No, the oversight Im referring to is not the FSC. I had bluetooth streaming from my phone as delivered. It seems to me, its an oversight that my car was not also coded as bluethooth phone text messages.

Seems like you want to turn this into some sort of debate which is not my intent here.


----------



## shawnsheridan (Jan 10, 2009)

Barchetta1 said:


> No, the oversight Im referring to is not the FSC. I had bluetooth streaming from my phone as delivered. It seems to me, its an oversight that my car was not also coded as bluethooth phone text messages.
> 
> Seems like you want to turn this into some sort of debate which is not my intent here.


That is no oversight either. New car's with 6NH Hands-free with USB interface include support of A2DP Bluetooth Streaming Protocol wheres older cars with 6NH do not. If you want to add Office function then you need to convert 6NH to 6NW Wireless Charging, and VO Code NBT2.

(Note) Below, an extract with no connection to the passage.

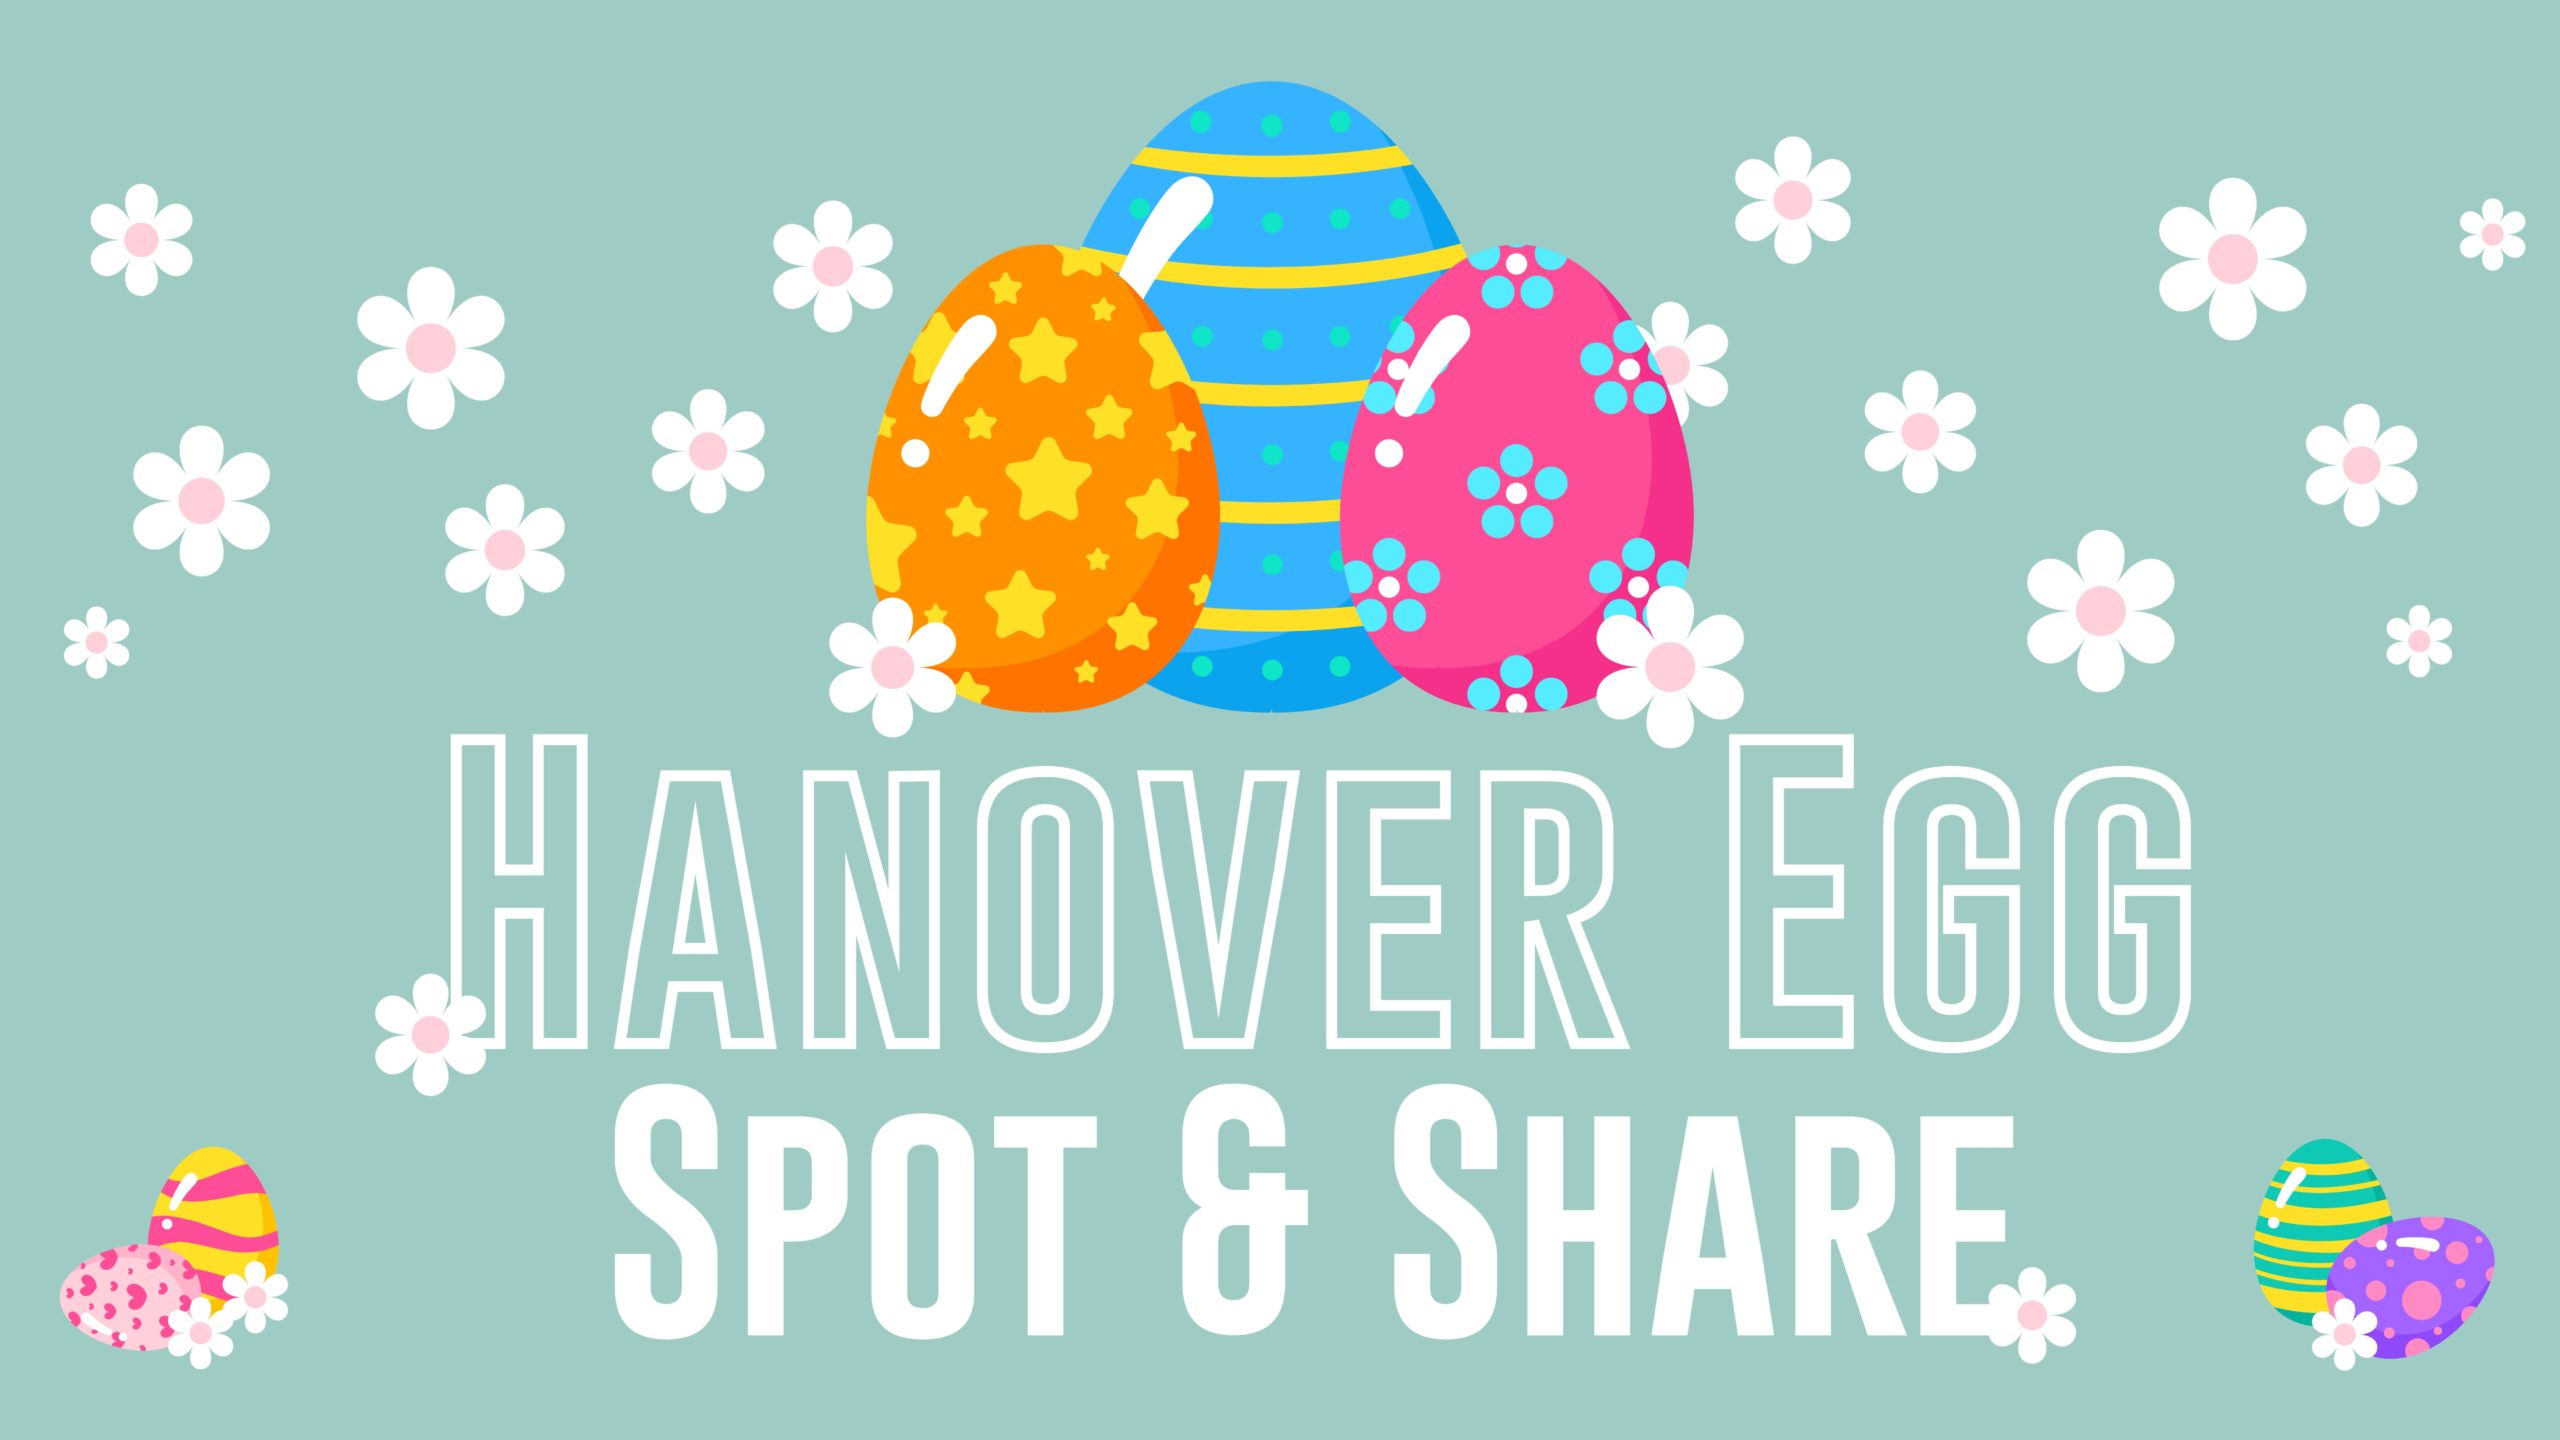 Hanover Egg Spot & Share

And no, I have nothing to debate. I simply expressed my opinion that $87 is cheap, and considering the Dealer as the alternative, I'd pay it all day long. No debate will change my opinion on this.


----------



## cata_wow (Feb 16, 2020)

Hi everyone, please help me with a problem if you can. I have a 2014 BMW f10 with professional navigation. I made a stick with the maps for 2020-1 next Eastern Europe. I tried to extract fsc with stick variant 1b and only after several attempts I realized that it only works on c.i.c and on nbt I need to enet cable. The code generator for activation after the date generated codes that do not work. Now navigation is inactive just like voice commands. My question is "did I delete fsc by mistake" and what should I do? Please help


----------



## Nic.go13 (May 23, 2016)

Bimmercoder said:


> Send me PM I will email your original FSC files for free


I’ve the same can you help?


----------



## shawnsheridan (Jan 10, 2009)

Nic.go13 said:


> I’ve the same can you help?


PM sent.


----------



## ercan (Nov 21, 2018)

Hi!
I need help with fsc codes to a retrofitted nbt evo 2, my problem is I deleted all my fsc codes when i try to update my Turkey evo map. Nothing works like carplay or maps. Btw i paid for programming with featureinstaller via internet but my evo rejected me it says can't ping Head unit. So i am stuck. 
Please help.


----------



## shawnsheridan (Jan 10, 2009)

ercan said:


> Hi!
> I need help with fsc codes to a retrofitted nbt evo 2, my problem is I deleted all my fsc codes when i try to update my Turkey evo map. Nothing works like carplay or maps. Btw i paid for programming with featureinstaller via internet but my evo rejected me it says can't ping Head unit. So i am stuck.
> Please help.


PM sent.


----------



## Elthox (Sep 10, 2015)

ercan said:


> Hi!
> I need help with fsc codes to a retrofitted nbt evo 2, my problem is I deleted all my fsc codes when i try to update my Turkey evo map. Nothing works like carplay or maps. Btw i paid for programming with featureinstaller via internet but my evo rejected me it says can't ping Head unit. So i am stuck.
> Please help.


Obviously need oabr connection


----------



## deviler (Sep 27, 2021)

Barchetta1 said:


> Sì, mi assumo la piena responsabilità e ho pagato per il mio errore.
> 
> EDIT: avrei potuto andare dal rivenditore e averlo fatto gratuitamente. Ho appena guardato quello che è finito per essere $ 87 con l'acquisto di una chiavetta da 64 GB (si è scoperto che non ne avevo bisogno perché non avevo bisogno delle mappe, solo del codice) e l'ho pesato contro il fastidio di far cadere e raccogliere la mia auto, e dover una specie di bugia su quello che avevo fatto e ho deciso di pagare la tassa..
> 
> Penso solo che dovrei avere accesso al codice per cui ho pagato. Quello di cui ho avuto bisogno, mi sembra che avrebbe dovuto essere incluso ed è stata una svista. Potrei sbagliarmi .. ma avevo già lo streaming bluetooth, il che significa che per quanto ne so significava che avrei dovuto avere messaggi bluetooth.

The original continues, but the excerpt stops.